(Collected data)
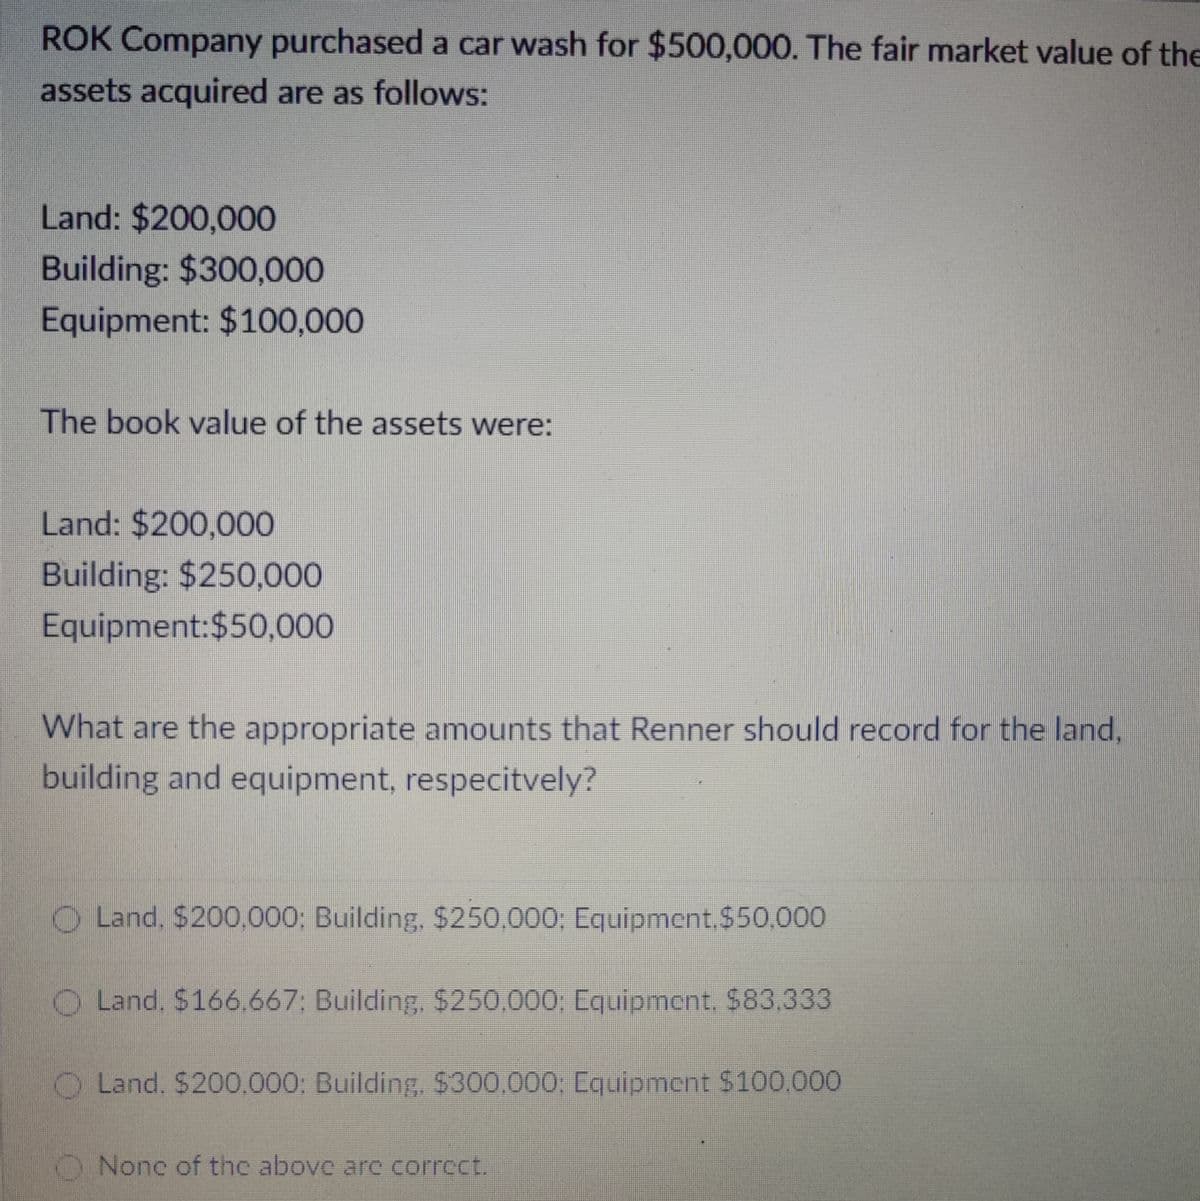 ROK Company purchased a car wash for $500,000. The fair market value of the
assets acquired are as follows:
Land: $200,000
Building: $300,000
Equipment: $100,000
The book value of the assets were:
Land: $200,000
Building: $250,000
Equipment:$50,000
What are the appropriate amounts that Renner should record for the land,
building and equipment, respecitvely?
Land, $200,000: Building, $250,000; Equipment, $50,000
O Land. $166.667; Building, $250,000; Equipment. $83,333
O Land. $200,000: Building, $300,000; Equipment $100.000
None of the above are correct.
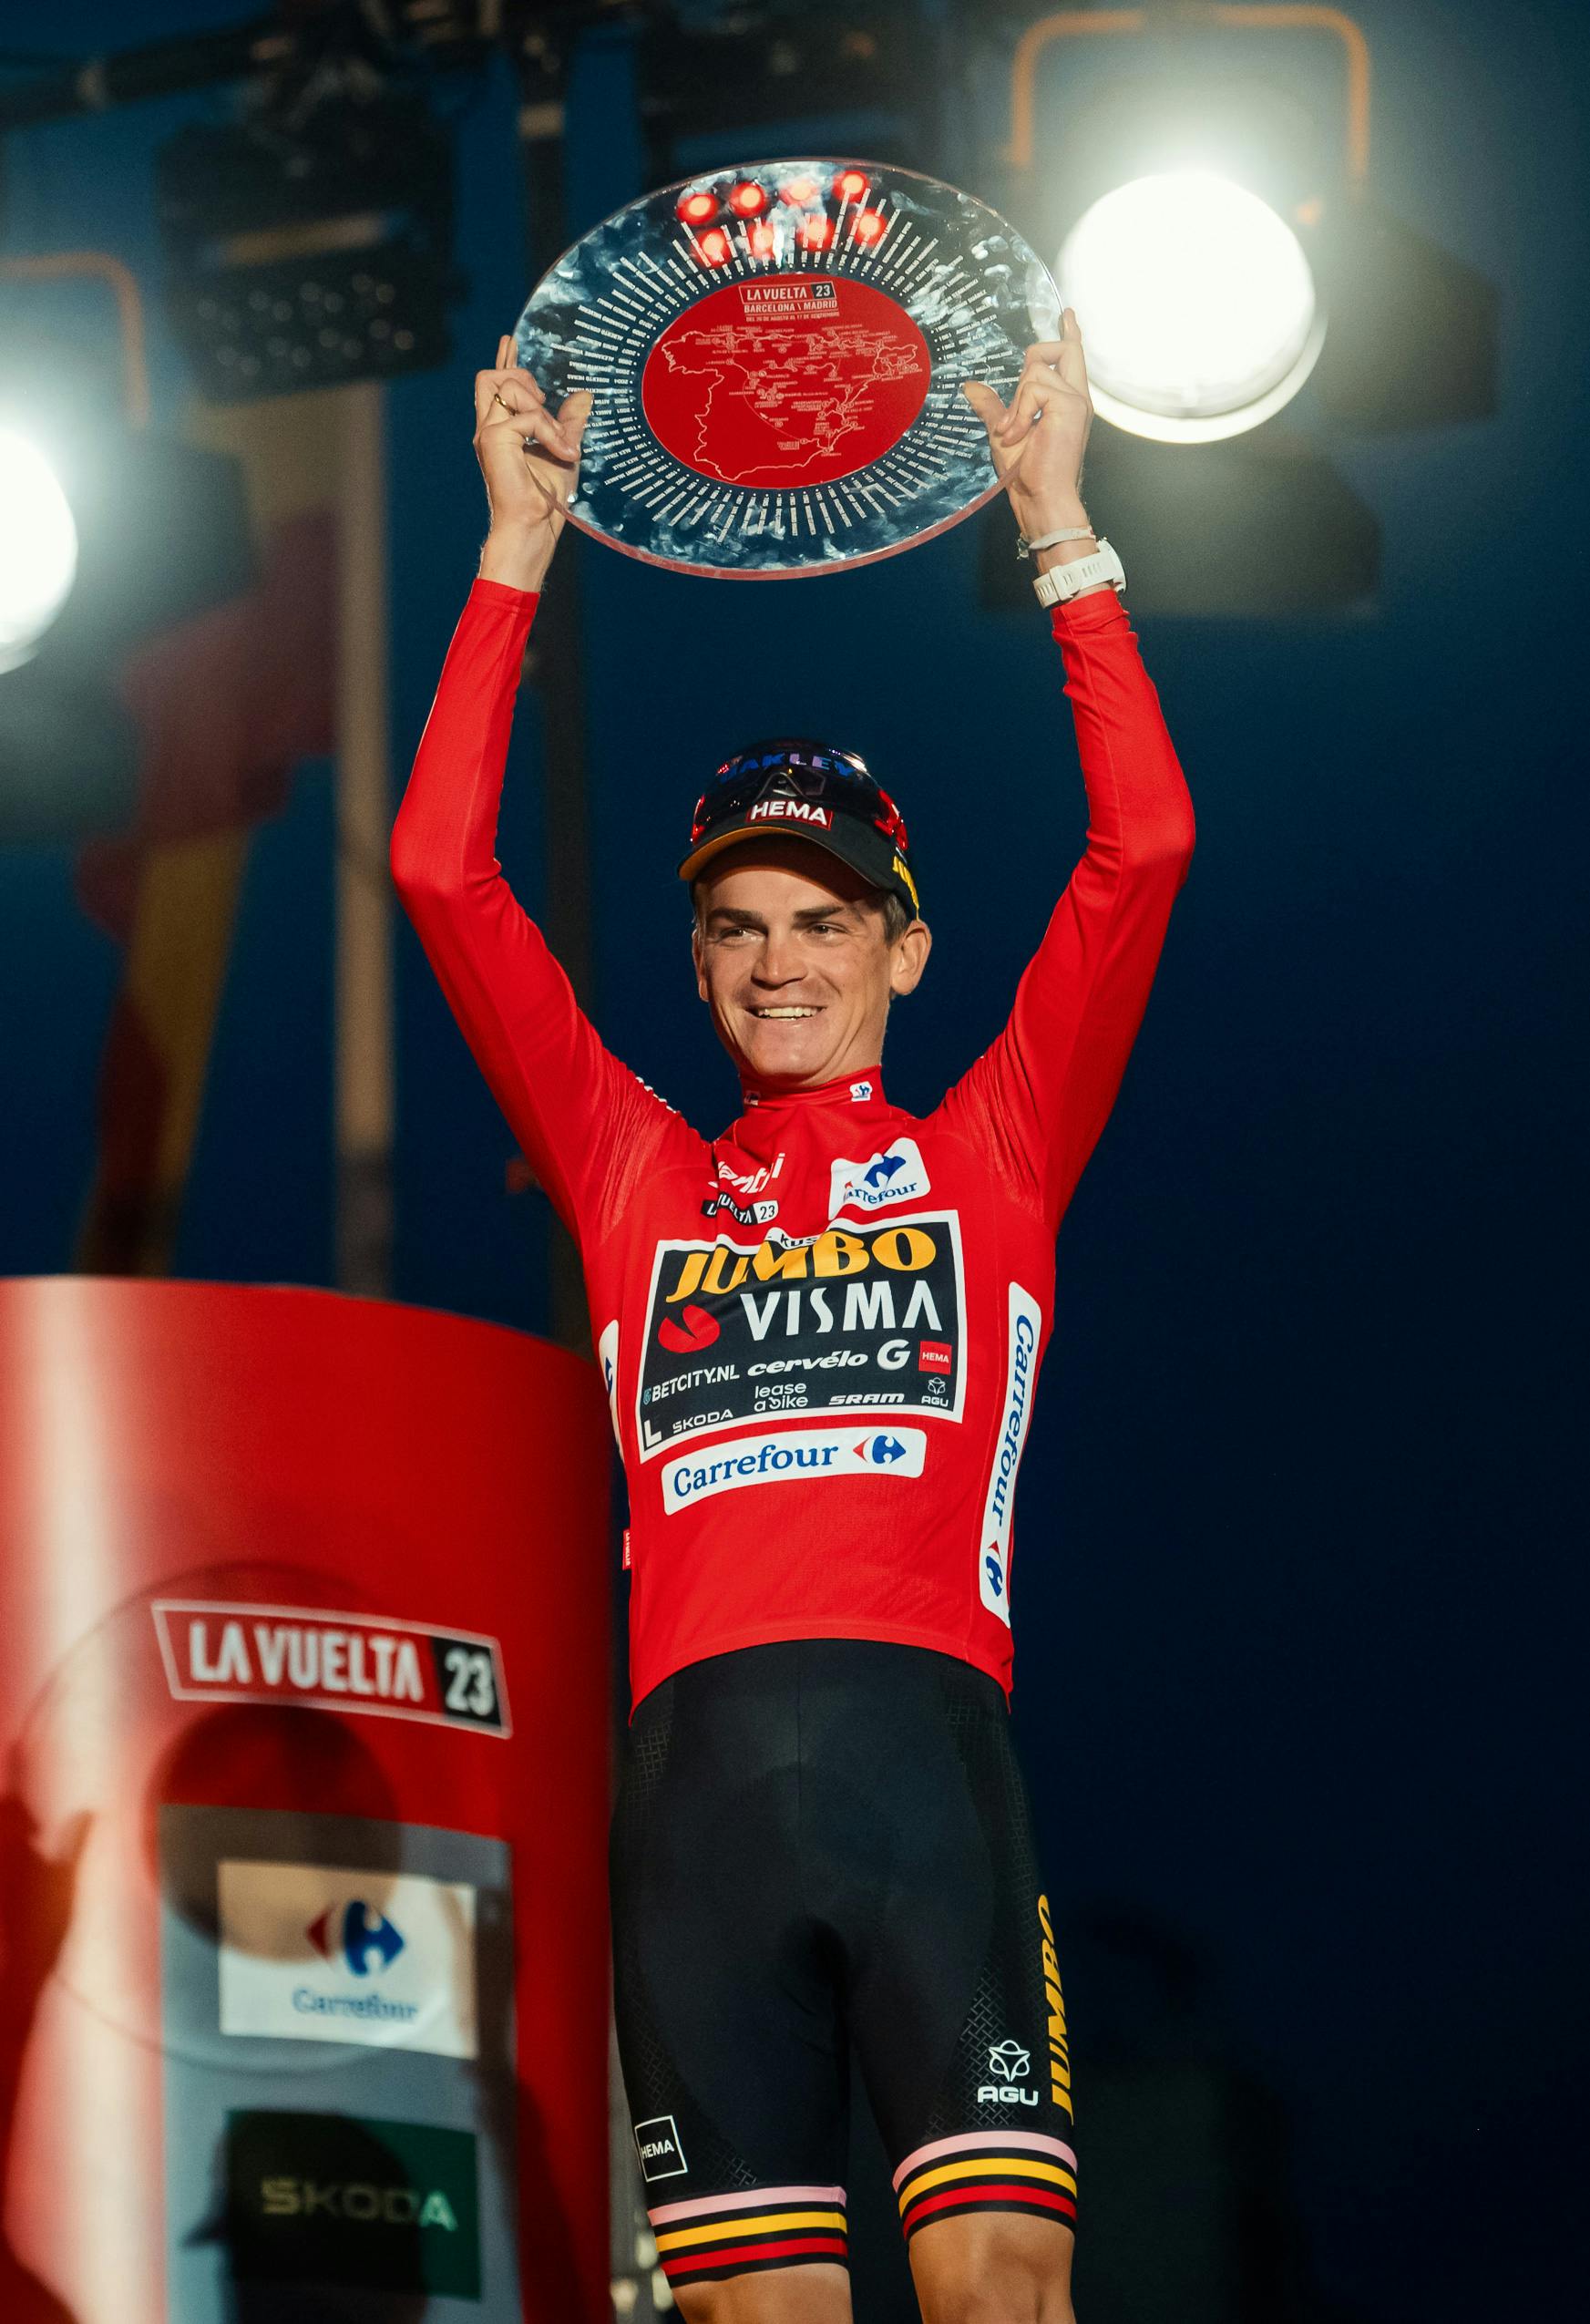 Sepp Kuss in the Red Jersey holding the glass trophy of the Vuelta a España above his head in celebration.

▶ **Brief**
Pictures are to be left out while the lines from the beginning of the records through the line with "Equipment:$50,000" are copied word for word.

▶ **Task response**
 ROK Company purchased a car wash for $500,000. The fair market value of the
assets acquired are as follows:
Land: $200,000
Building: $300,000
Equipment: $100,000
The book value of the assets were:
Land: $200,000
Building: $250,000
Equipment:$50,000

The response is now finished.